1.1. The origin of life: ponds versus vents
The modern lacustrine hypothesis puts forward the idea of life emerging from hydrothermal ponds. The claim is that life evolved from organic compounds being dumped into these ponds from meteorite impacts, then being concentrated and reacting during wet and dry periods [2,10]. A key point for both ponds and vents is the need for a condensation mechanism [11] by which ester and peptide bonds could have been synthesized in the absence of enzymatic catalysis and the possibility, or not, for it to occur [12]. It has recently been argued that wet and dry cycles are necessary and are only available at ponds that dry out and not at vents under the sea [10]. But is that really the case? In fact not: cells today use molecular crowding and excluded volume effects to stabilize such reactions [13–18]. The thermodynamic challenge to bond formation is overcome in highly concentrated solutions [12,19] such as in a confined environment [20].

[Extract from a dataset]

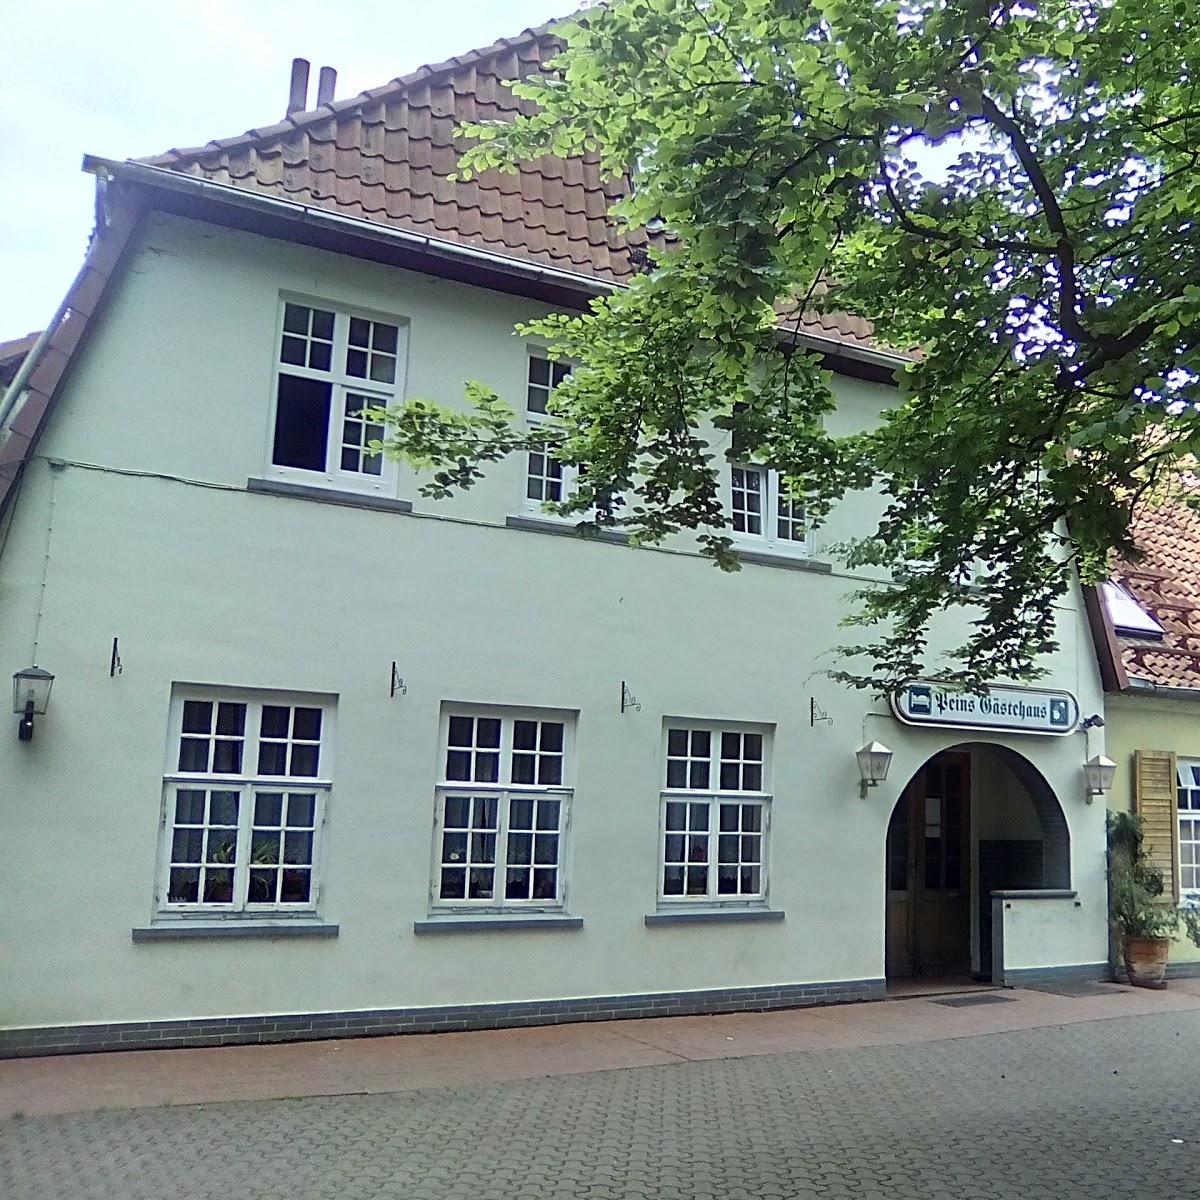 Restaurant "Peins Gästehaus" in Lilienthal
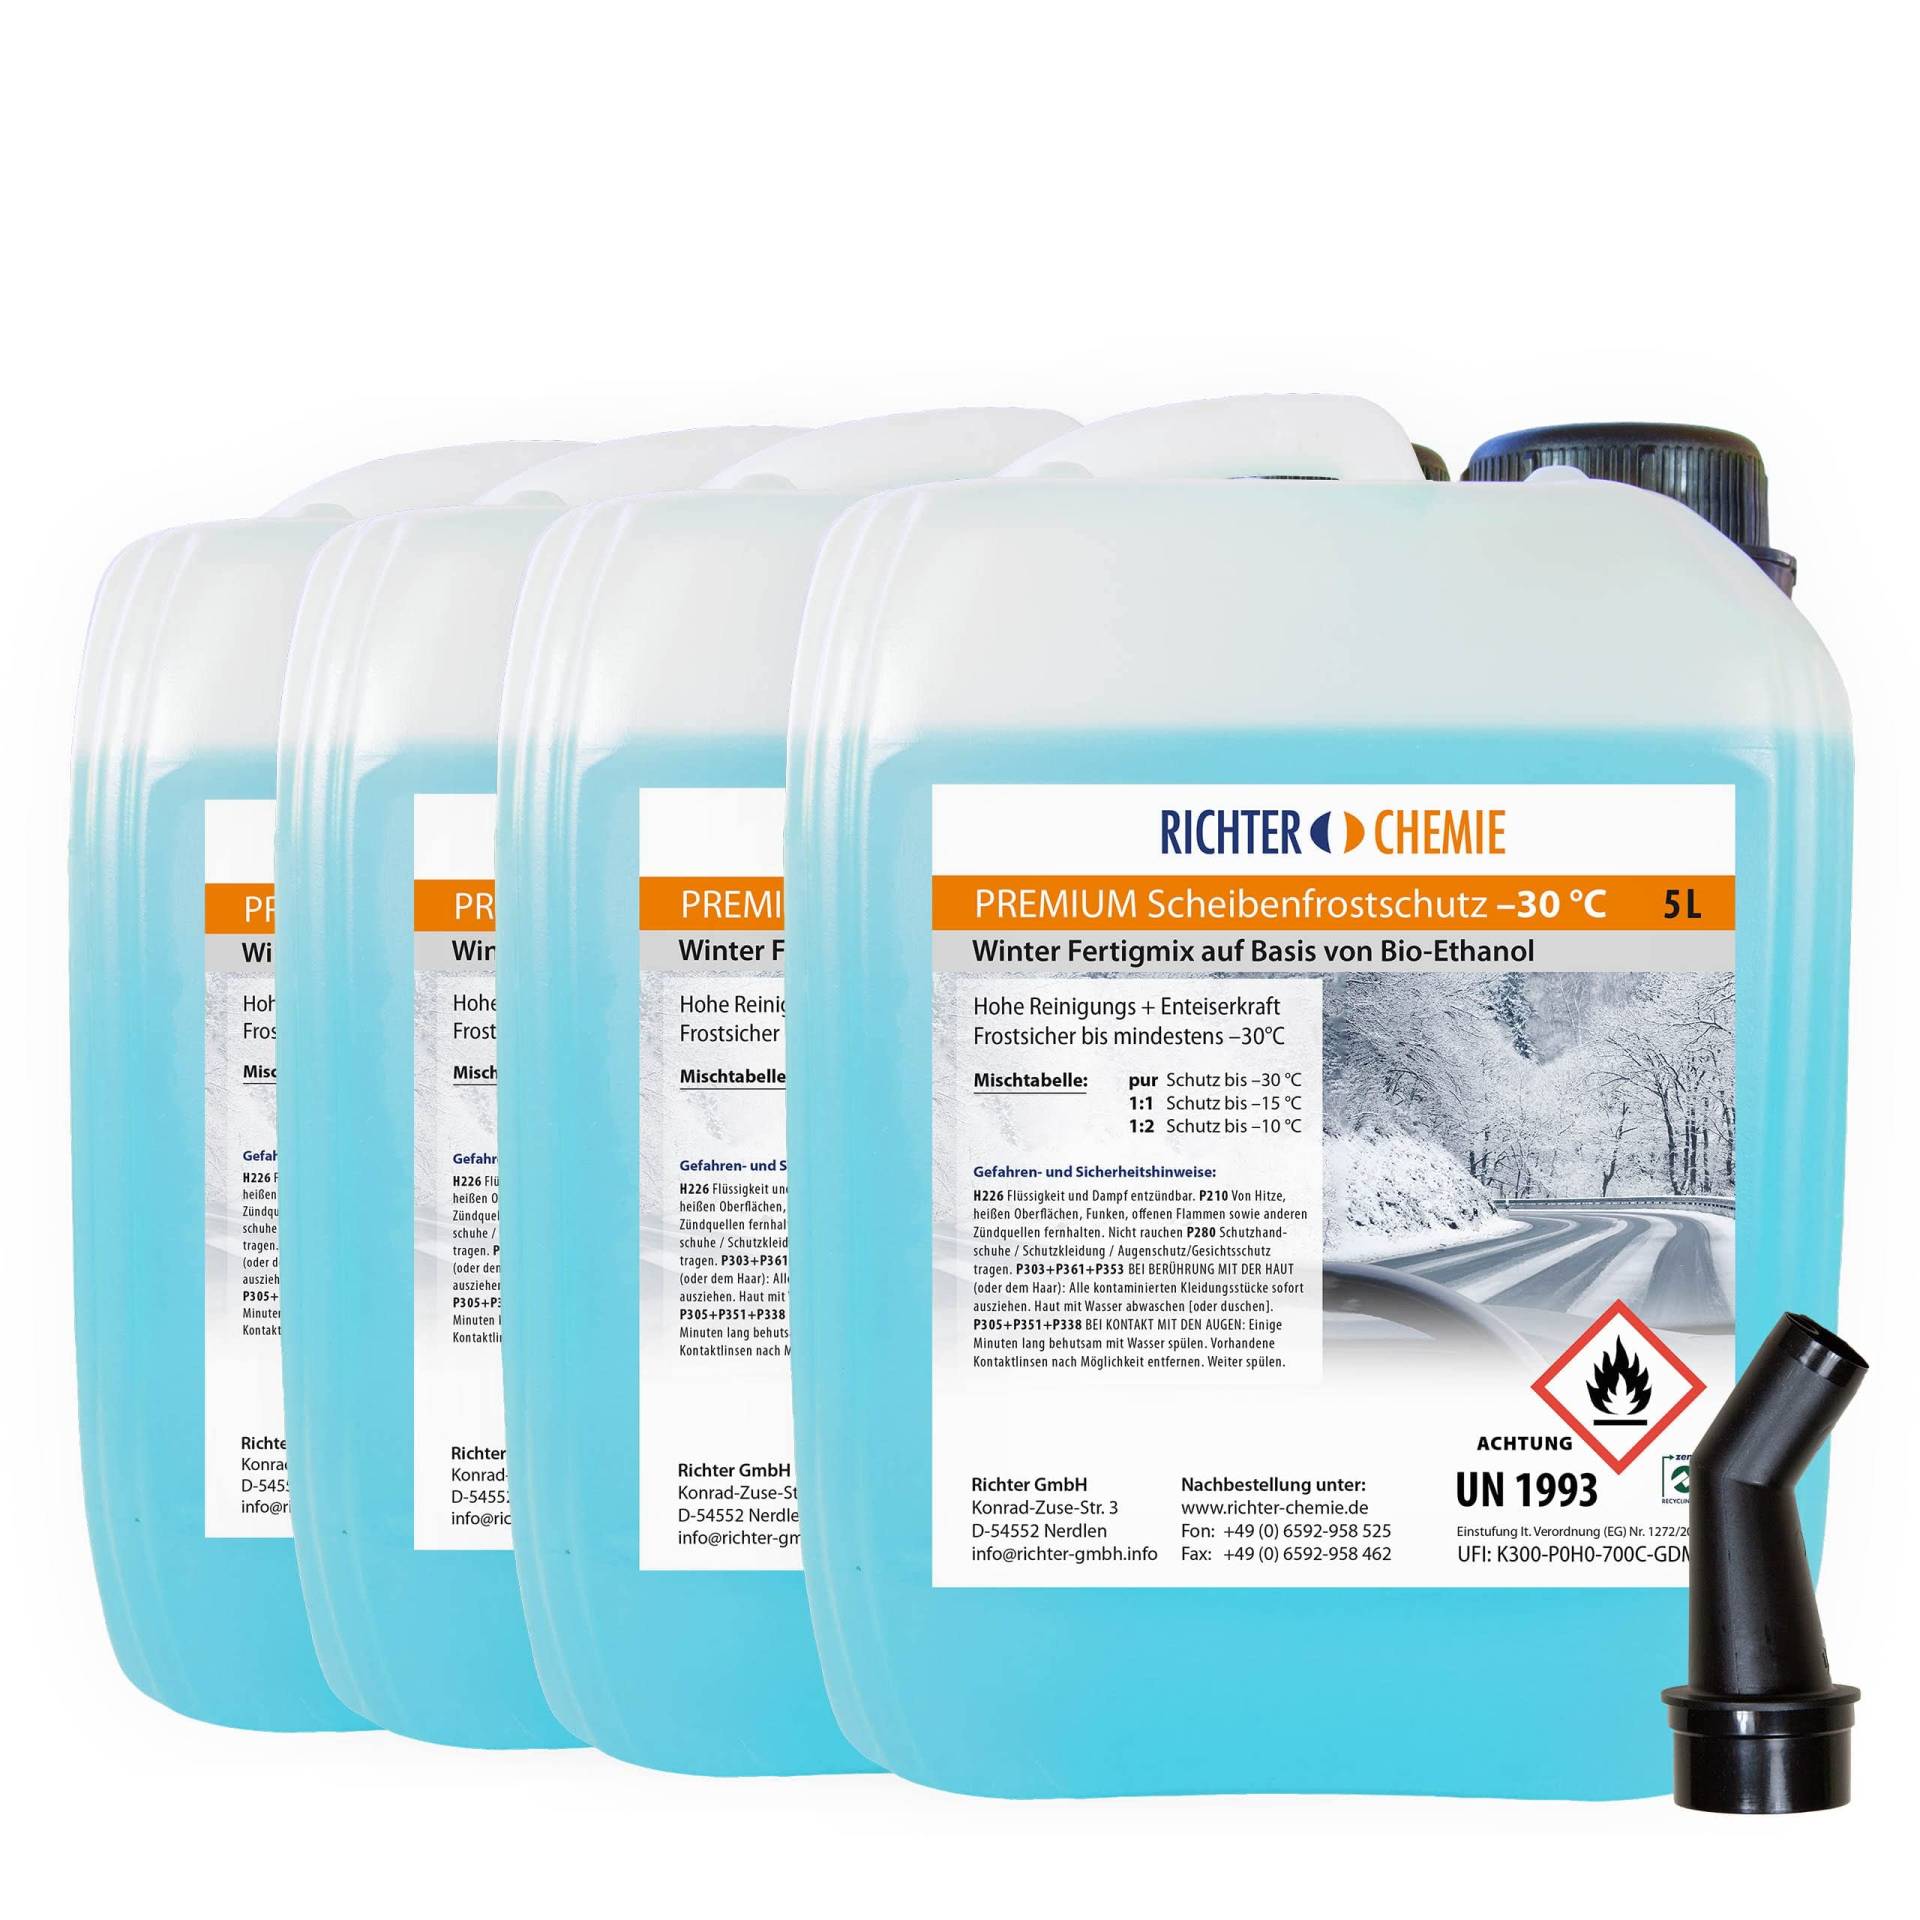 20L (4 x 5 Liter) Premium Scheibenfrostschutz -30°C Wischwasser Fertigmix Auto Scheibenwaschanlage Citrus Duft von Richter Chemie

1.2. Chemical garden membranes at hydrothermal vents
The precipitation reactions that occur as mineral-laden water emerges at an alkaline vent into the ocean give rise to an extremely complex ever-growing and changing network of tiny compartments in the form of tubes and vesicles [6] separated by thin gel-like membranes semipermeable to some chemical species [21], providing an out-of-equilibrium, not-well-mixed environment with strong concentration gradients [22,23].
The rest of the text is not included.